Community market in Liverpool will offer low-cost food to cut reliance on foodbanks

Operated by charity Micah Liverpool, the market will be just outside the city centre and works through being able to sell food that supermarkets have deemed surplus to requirements. Tony McDonough reports

Food, groceries, shopping
Food, groceries, shopping

 

A new weekly community market that will offer surplus supermarket food at low prices will  start opening in Liverpool from Monday, April 23.

Running from 11am to 2pm every Monday, except Bank Holidays, the market will be based at St Michael in the City on Upper Pitt Street, close to the Baltic Triangle area and its aim is to help those struggling to make ends meet.

It works through being able to sell food that supermarkets have deemed surplus to requirements. This way the produce is cheaper than in regular shops giving more choice and flexibility. Markets like this have been shown to help prevent people having to turn to the emergency aid that foodbanks offer.

Figures show that 64% of people in the Riverside area of the city are either unemployed, receiving sickness benefit, retired, students or homemakers. Many bring in less than the national average income and risk falling into genuine hardship.
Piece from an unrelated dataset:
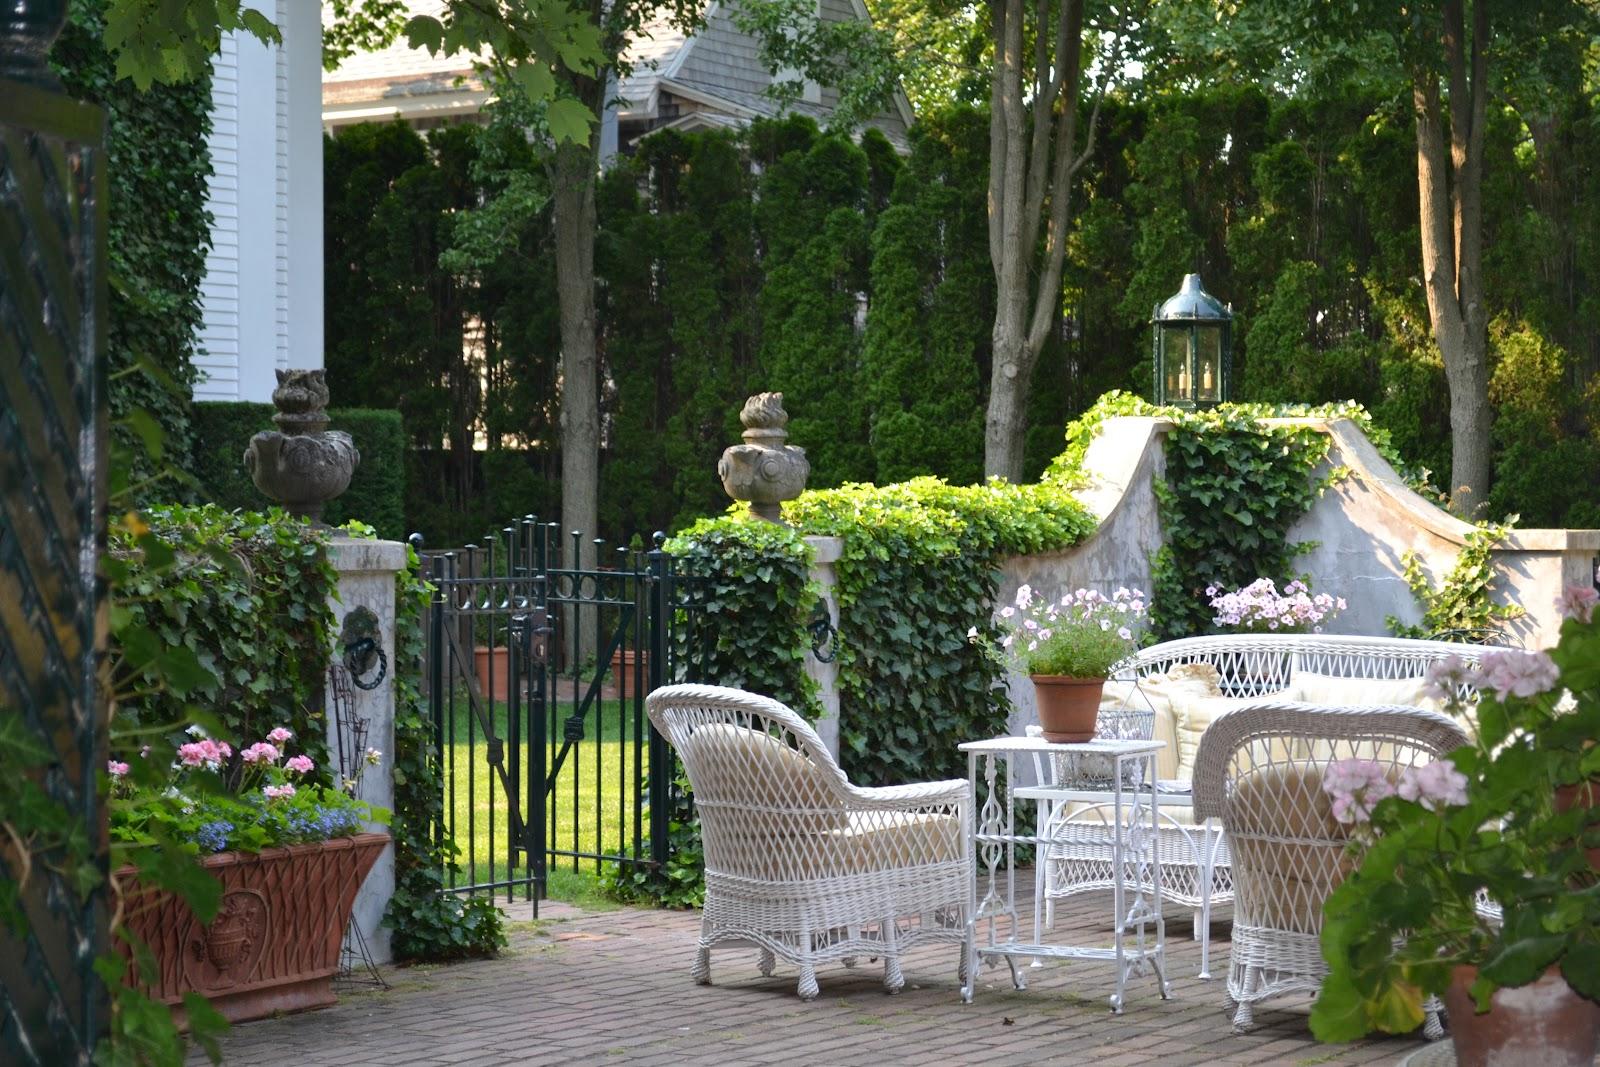 Xardinnova jardines con encanto for Jardines con encanto ideas

The community market has been set up by Micah Liverpool, a charity which aims to achieve justice, fairness and well-being for people in the city. The market will complement the work being carried out by Micah Liverpool through its emergency food aid foodbank which operates from St Bride’s and St Vincent’s church buildings.

St Michael in the City is one of three churches that form the Team Parish of St Luke In The City, named after the original name of the Bombed Out Church.

The church has space to offer this community market, is ideally located for customers and so was a logical choice to host this. Micah Liverpool also plans to open a community café.

Paul O’Brien, executive director of Micah Liverpool, said “The scandal of society is that so many people are driven into poverty because they don’t have affordable options to choose from.

“The community market offers people on low income a chance to manage their budgets and feed their families preventing them from hitting the crisis point. We want to get to a point where we no longer need to give emergency food aid through foodbanks.”

Micah Liverpool is a charity launched in partnership between Liverpool Cathedral, Liverpool Metropolitan Cathedral and St Bride’s Church.